Only lines containing the string "image" belong in the answer; find them in the records and copy them.

[Source material Boundary: Start]

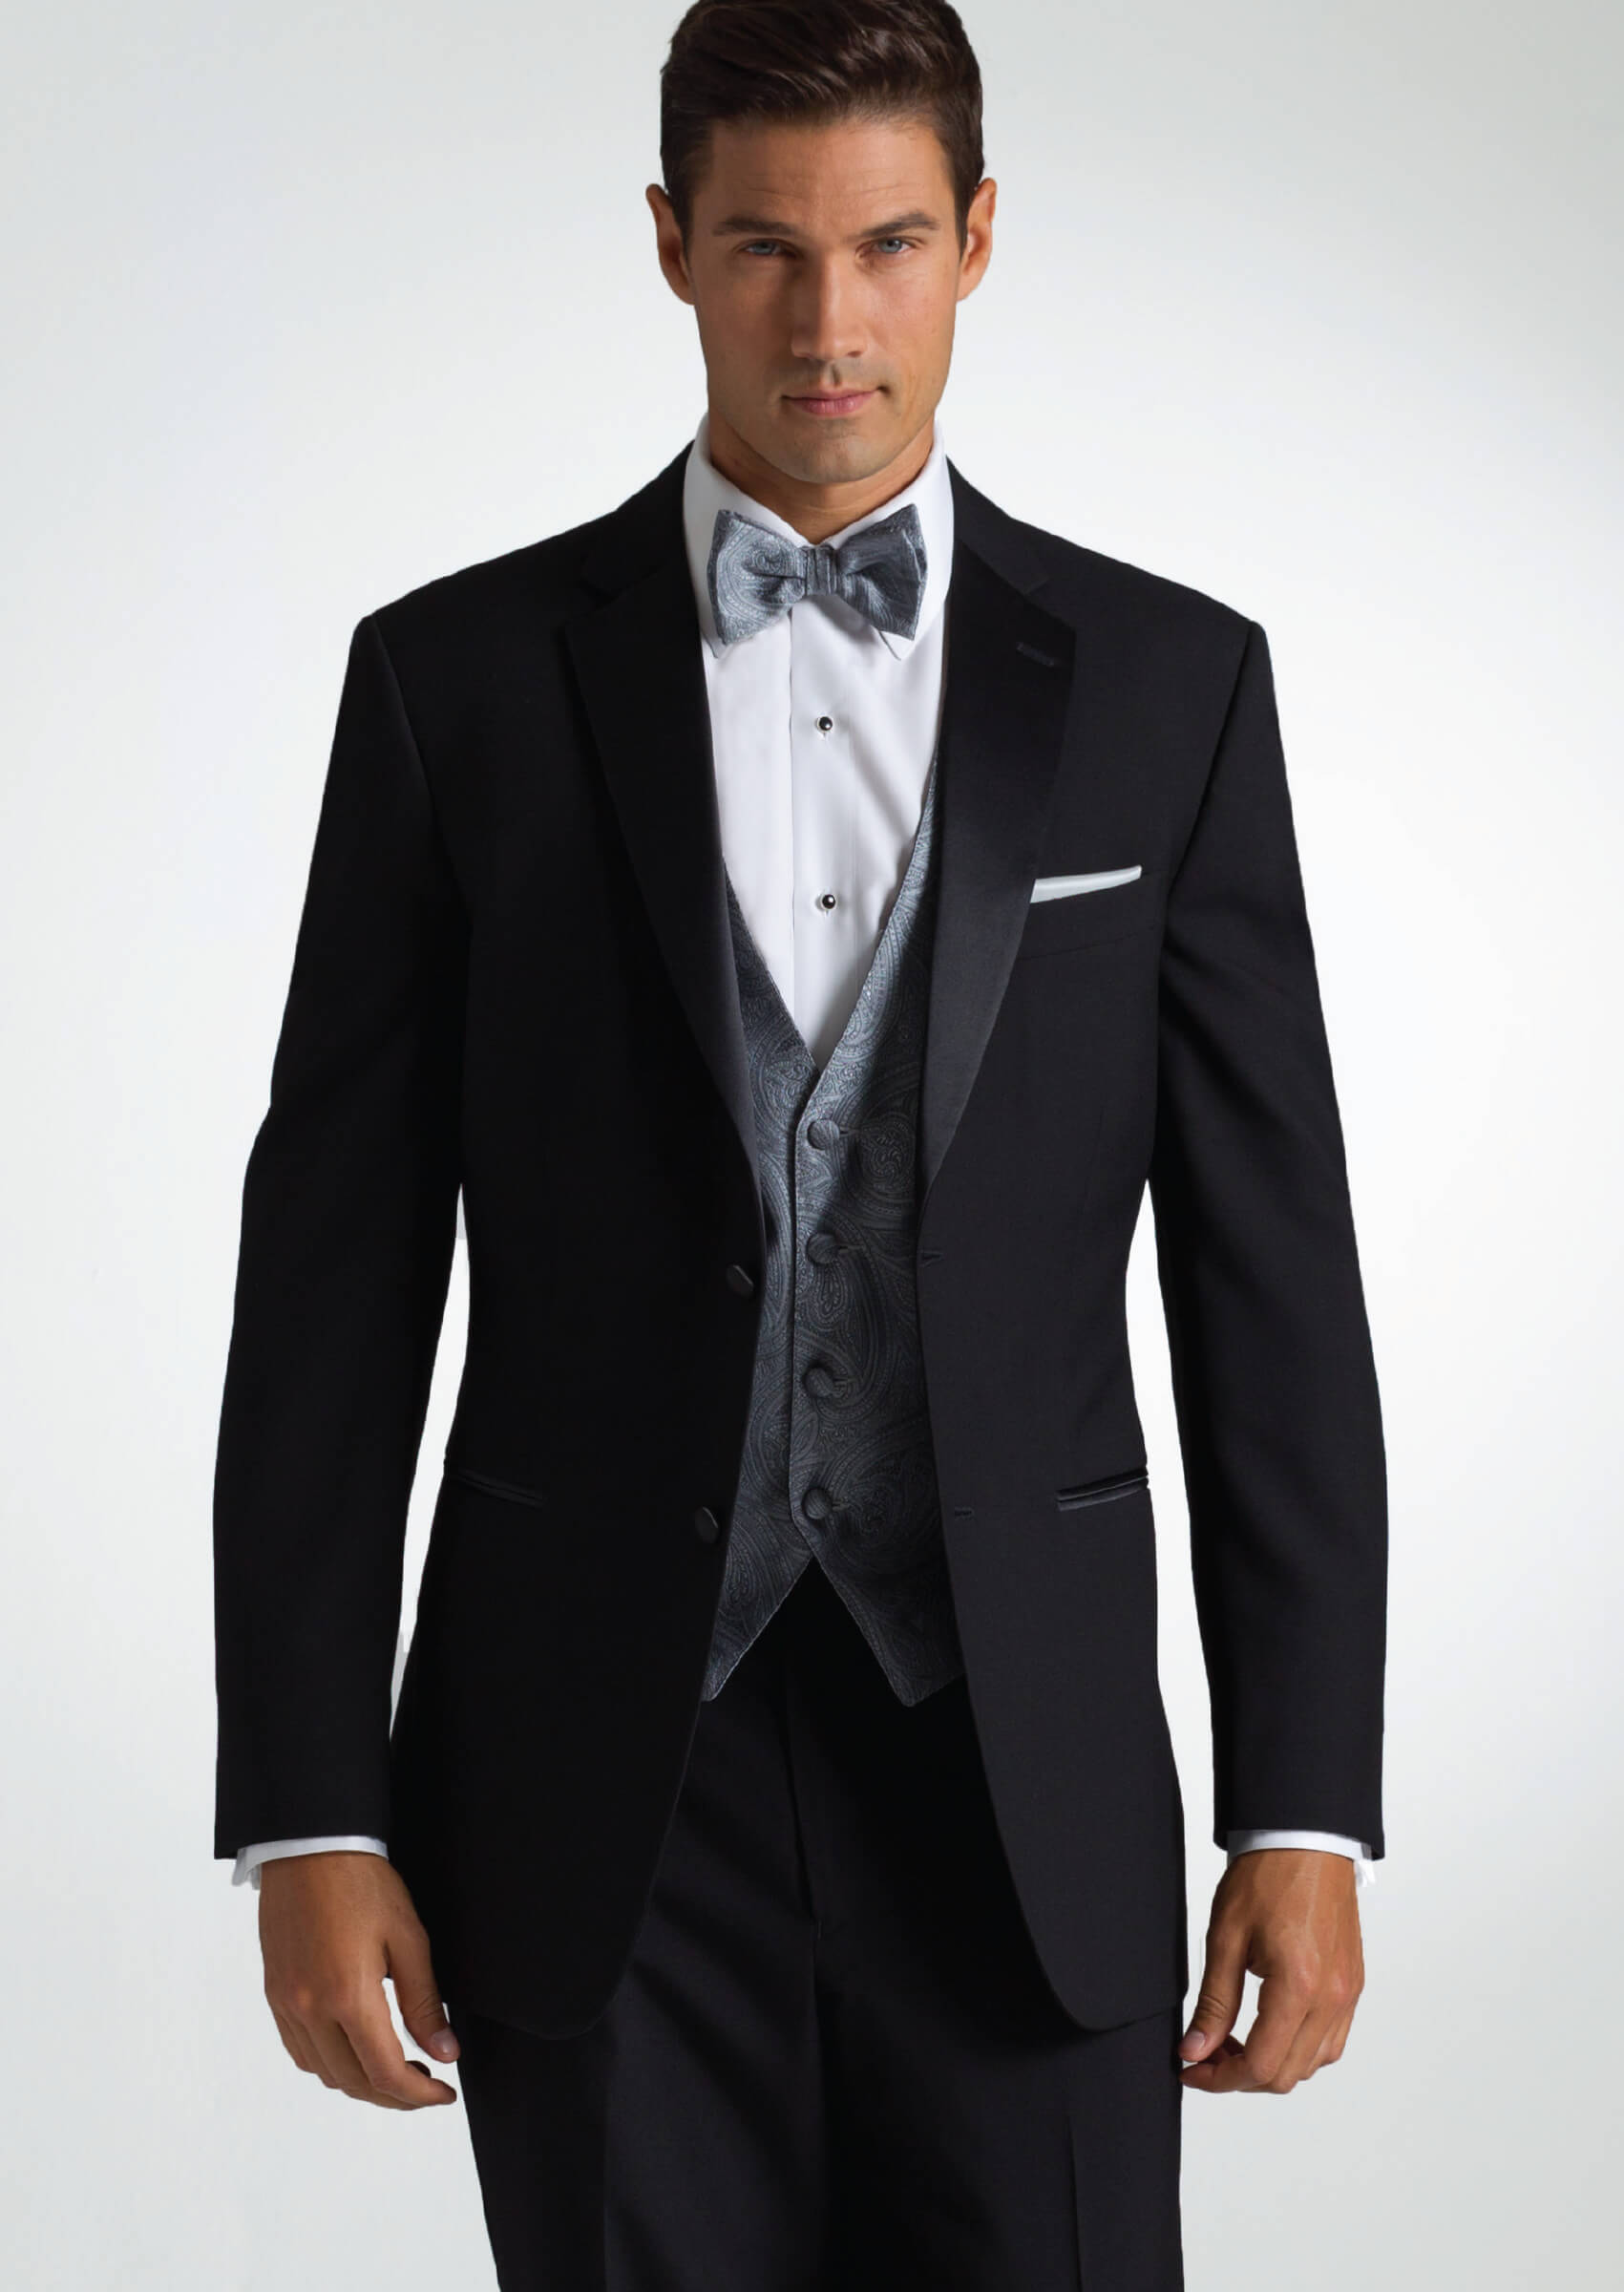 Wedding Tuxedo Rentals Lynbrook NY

[Source material Boundary: End]
[Source material Boundary: Start]

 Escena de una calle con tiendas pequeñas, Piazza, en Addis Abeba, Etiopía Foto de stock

[Source material Boundary: End]
[Source material Boundary: Start]

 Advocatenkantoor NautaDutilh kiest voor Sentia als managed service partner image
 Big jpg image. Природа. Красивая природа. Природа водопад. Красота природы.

[Source material Boundary: End]

* [Output below]:
 Advocatenkantoor NautaDutilh kiest voor Sentia als managed service partner image
 Big jpg image. Природа. Красивая природа. Природа водопад. Красота природы.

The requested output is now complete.